WolfusA wrote: $\frac{a^2+b^2+(2\lambda-1)ab}{a^2+b^2+ab}\ge\frac{1+2\lambda}{3}\iff (3-1-2\lambda)(a^2+b^2)+(6\lambda-3-1-2\lambda)ab\ge 0\iff 2(1-\lambda)(a^2+b^2-2ab)\ge 0\iff (1-\lambda)(a-b)^2\ge 0$ is true for all $a,b\in R_+\wedge \lambda\le 1$. Equality iff $\lambda =1\vee a=b$ Now $\sum_{i=1}^n\frac{x_{i}^{3}+\lambda x_{i+1}x_i( x_i+x_{i+1})}{x_{i}^{2}+x_{i}x_{i+1}+x_{i+1}^{2}}-\sum_{i=1}^n\frac{x_{i+1}^{3}+\lambda x_{i+1}x_i( x_i+x_{i+1})}{x_{i}^{2}+x_{i}x_{i+1}+x_{i+1}^{2}}=\sum_{i=1}^n(x_i-x_{i+1})=0$ where $x_{n+1}=x_1$ Hence $2\sum_{i=1}^n\frac{x_{i}^{3}+\lambda x_{i+1}x_i( x_i+x_{i+1})}{x_{i}^{2}+x_{i}x_{i+1}+x_{i+1}^{2}}=\sum_{i=1}^n\left(\frac{x_{i}^{3}+\lambda x_{i+1}x_i( x_i+x_{i+1})}{x_{i}^{2}+x_{i}x_{i+1}+x_{i+1}^{2}}+\frac{x_{i+1}^{3}+\lambda x_{i+1}x_i( x_i+x_{i+1})}{x_{i}^{2}+x_{i}x_{i+1}+x_{i+1}^{2}}\right)=\sum_{i=1}^n\frac{( x_i+x_{i+1})(x_i^2+(2\lambda-1)x_ix_{i+1}+x_{i+1}^3)}{x_{i}^{2}+x_{i}x_{i+1}+x_{i+1}^{2}}\ge \sum_{i=1}^n\frac{1+2\lambda}{3}( x_i+x_{i+1})=2\cdot \frac{1+2\lambda}{3}\cdot \sum_{i=1}^n x_i$ QED equality iff $\lambda=1\vee x_1=x_2=...=x_n$ Thanks.
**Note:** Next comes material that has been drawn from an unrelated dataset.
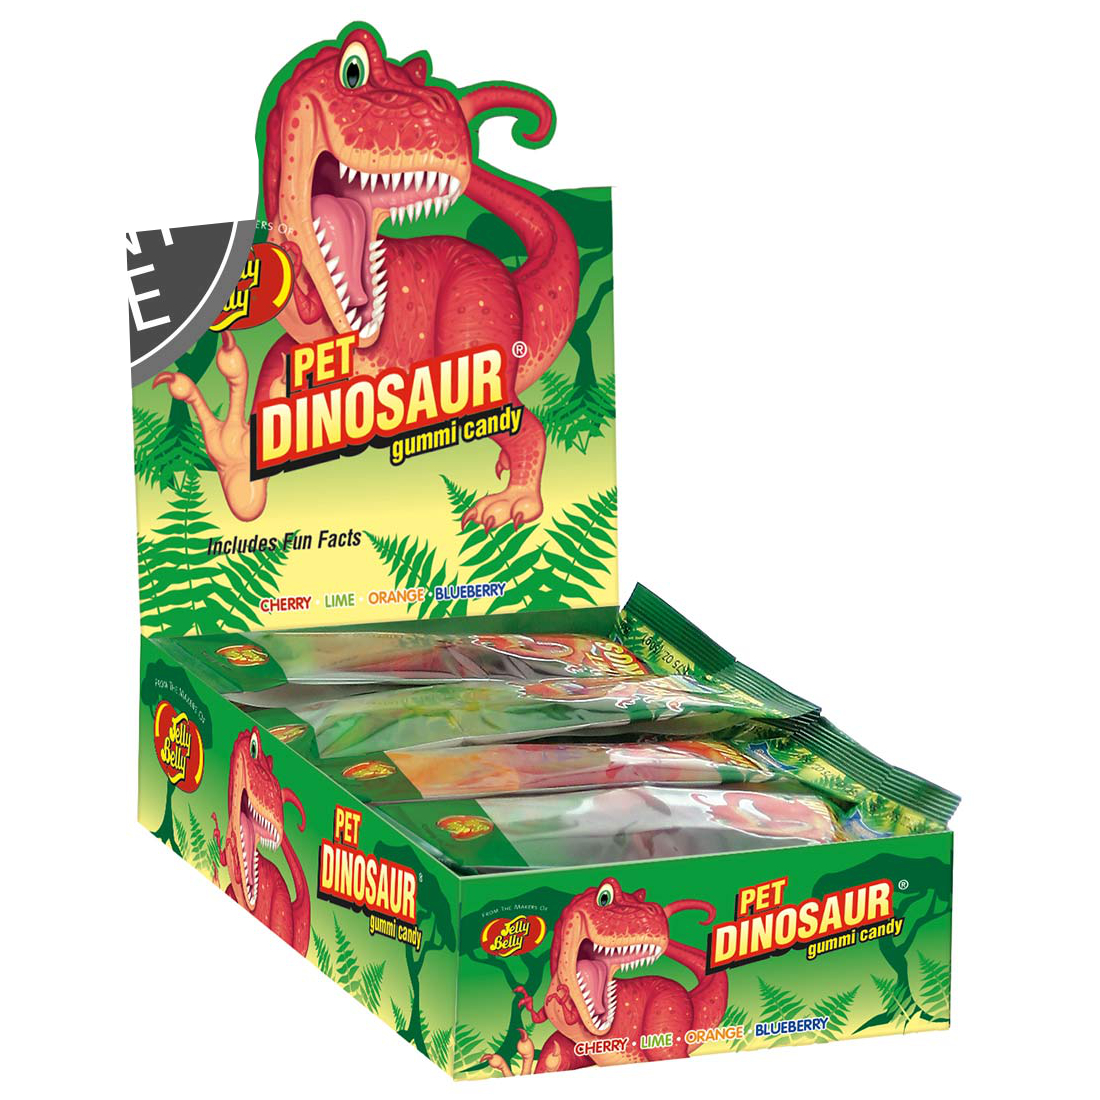   :  (Pet Dinosaur), 49  (Jelly Belly 5228)

$x,y,z>0$,prove \[\sqrt {{\frac {{x}^{3}}{2\,{y}^{2}-yz+2\,{z}^{2}}}}+\sqrt {{\frac {{y} ^{3}}{2\,{z}^{2}-xz+2\,{x}^{2}}}}+\sqrt {{\frac {{z}^{3}}{2\,{x}^{2}-x y+2\,{y}^{2}}}}\geq \sqrt {x+y+z} \]

N.T.TUAN wrote: If $x_{1}, x_{2}, . . . , x_{n}$ are positive numbers, prove the inequality $\frac{x_{1}^{3}}{x_{1}^{2}+x_{1}x_{2}+x_{2}^{2}}+\frac{x_{2}^{3}}{x_{2}^{2}+x_{2}x_{3}+x_{3}^{2}}+...+\frac{x_{n}^{3}}{x_{n}^{2}+x_{n}x_{1}+x_{1}^{2}}\geq\frac{x_{1}+x_{2}+...+x_{n}}{3}$. Just apply Jensen's inequality

arqady wrote: N.T.TUAN wrote: If $x_{1}, x_{2}, . . . , x_{n}$ are positive numbers, prove the inequality $\frac{x_{1}^{3}}{x_{1}^{2}+x_{1}x_{2}+x_{2}^{2}}+\frac{x_{2}^{3}}{x_{2}^{2}+x_{2}x_{3}+x_{3}^{2}}+...+\frac{x_{n}^{3}}{x_{n}^{2}+x_{n}x_{1}+x_{1}^{2}}\geq\frac{x_{1}+x_{2}+...+x_{n}}{3}$. My proof: for all positive $u$ and $v$ holds $\frac{u^{3}}{u^{2}+uv+v^{2}}\geq\frac{2u-v}{3}.$ Simple and wonderful.